NAMA Rumah Sakit Pusat Infeksi (RSPI) Prof Dr Sulianti Saroso mencuat ketika negara menghadapi wabah penyakit yang serius, seperti flu burung, MERS, atau SARS dan yang paling membuatnya makin populer adalah setelah merebaknya COVID-19. Apalagi setelah Kementerian Kesehatan mendeklarasikan adanya dua pasien pertama Covid-19.
“Sul”
Perempuan kelahiran Karangasem, Bali tanggal 10 Mei 1917 ini memiliki nama panjang Julie Sulianti Saroso. Ia merupakan seorang tokoh kedokteran Indonesia yang memiliki dedikasi tinggi terhadap kesehatan di Indonesia. Sul, adalah panggilan akrabnya, merupakan putri kedua dari dr. Sulaiman. Pilihannya menjadi dokter tampaknya menurun dari ayahnya.

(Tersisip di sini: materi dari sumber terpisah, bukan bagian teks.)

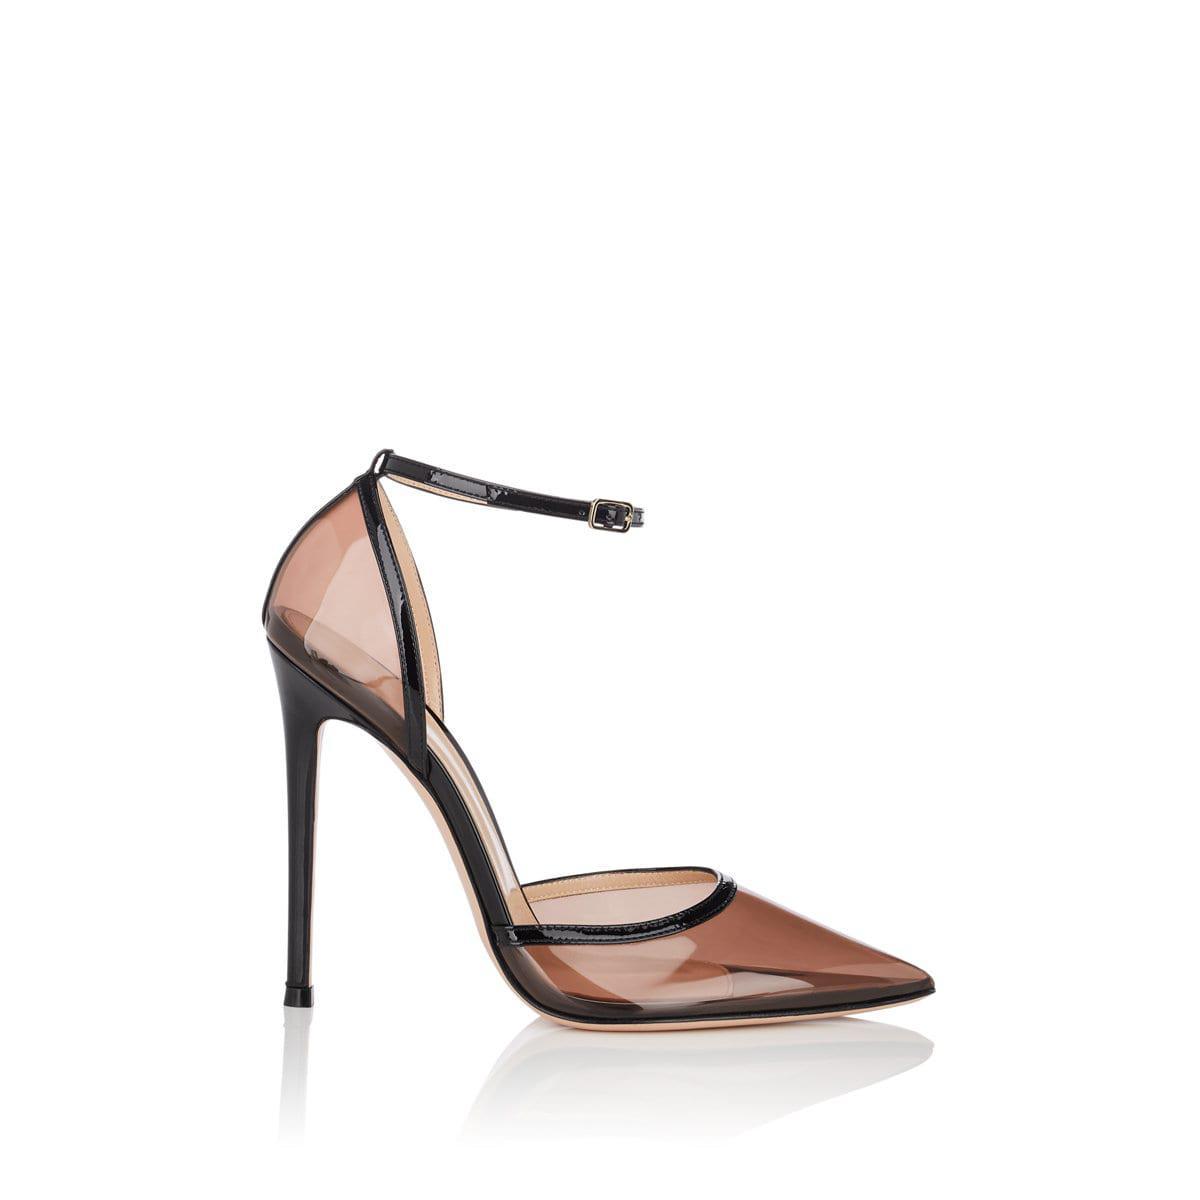 9d6c93c9d81 Lyst - Gianvito Rossi Sabin Pvc   Patent Leather Ankle-strap Pumps ...
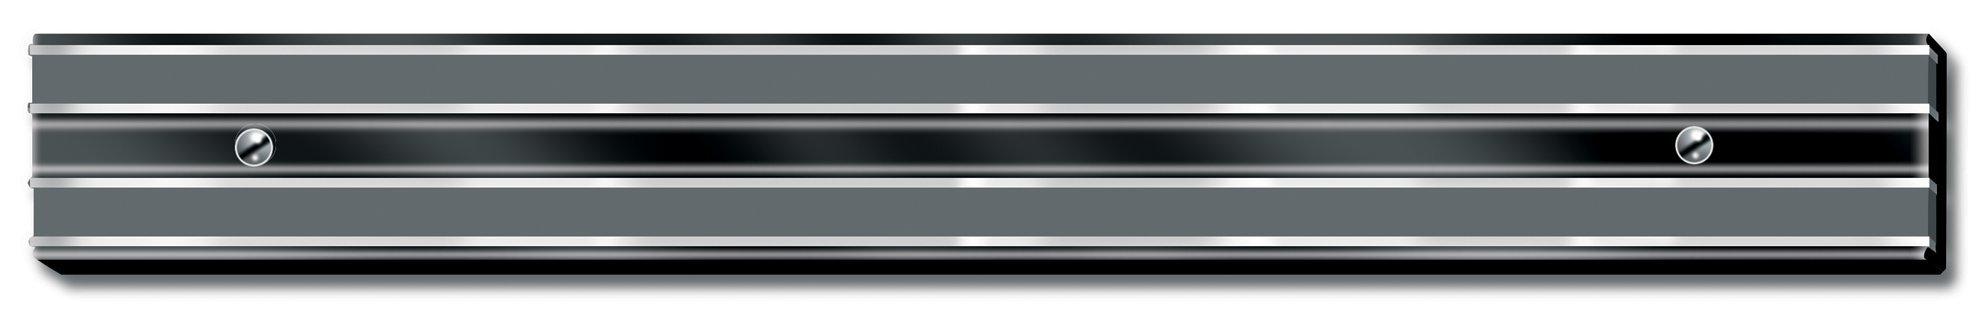 Victorinox 12-Inch Long Magnetic Knife Bar, Black

Setelah menyelesaikan sekolah menengah di Gymnasium, Bandung (1935), Sul kemudian melanjutkan pelajaran di Sekolah Tinggi Kedokteran (Geneeskundige Hoge Scholl), Batavia.
Sulianti muda lulus pada 1942 dan bekerja sebagai dokter pada Centrale Burgerlijke Ziekenhuis (CBZ) yang sekarang menjadi RS Cipto Mangunkusumo.
Walaupun seorang perempuan, namun Sulianti tak pernah takut berada di tengah-tengah kerasnya peperangan untuk membantu para pejuang yang terluka. Sul cekatan mengobati bahkan mengelola dapur umum demi kebutuhan para gerilyawan.
Disamping aktif dalam pergerakan, Sul juga menjadi dokter di RS Bethesda di Yogyakarta untuk bangsal penyakit dalam dan penyakit anak. Karena cukup aktif dalam politik dan pergerakan, Sul bahkan sempat ditahan oleh pemerintah Belanda selama dua bulan di Yogyakarta.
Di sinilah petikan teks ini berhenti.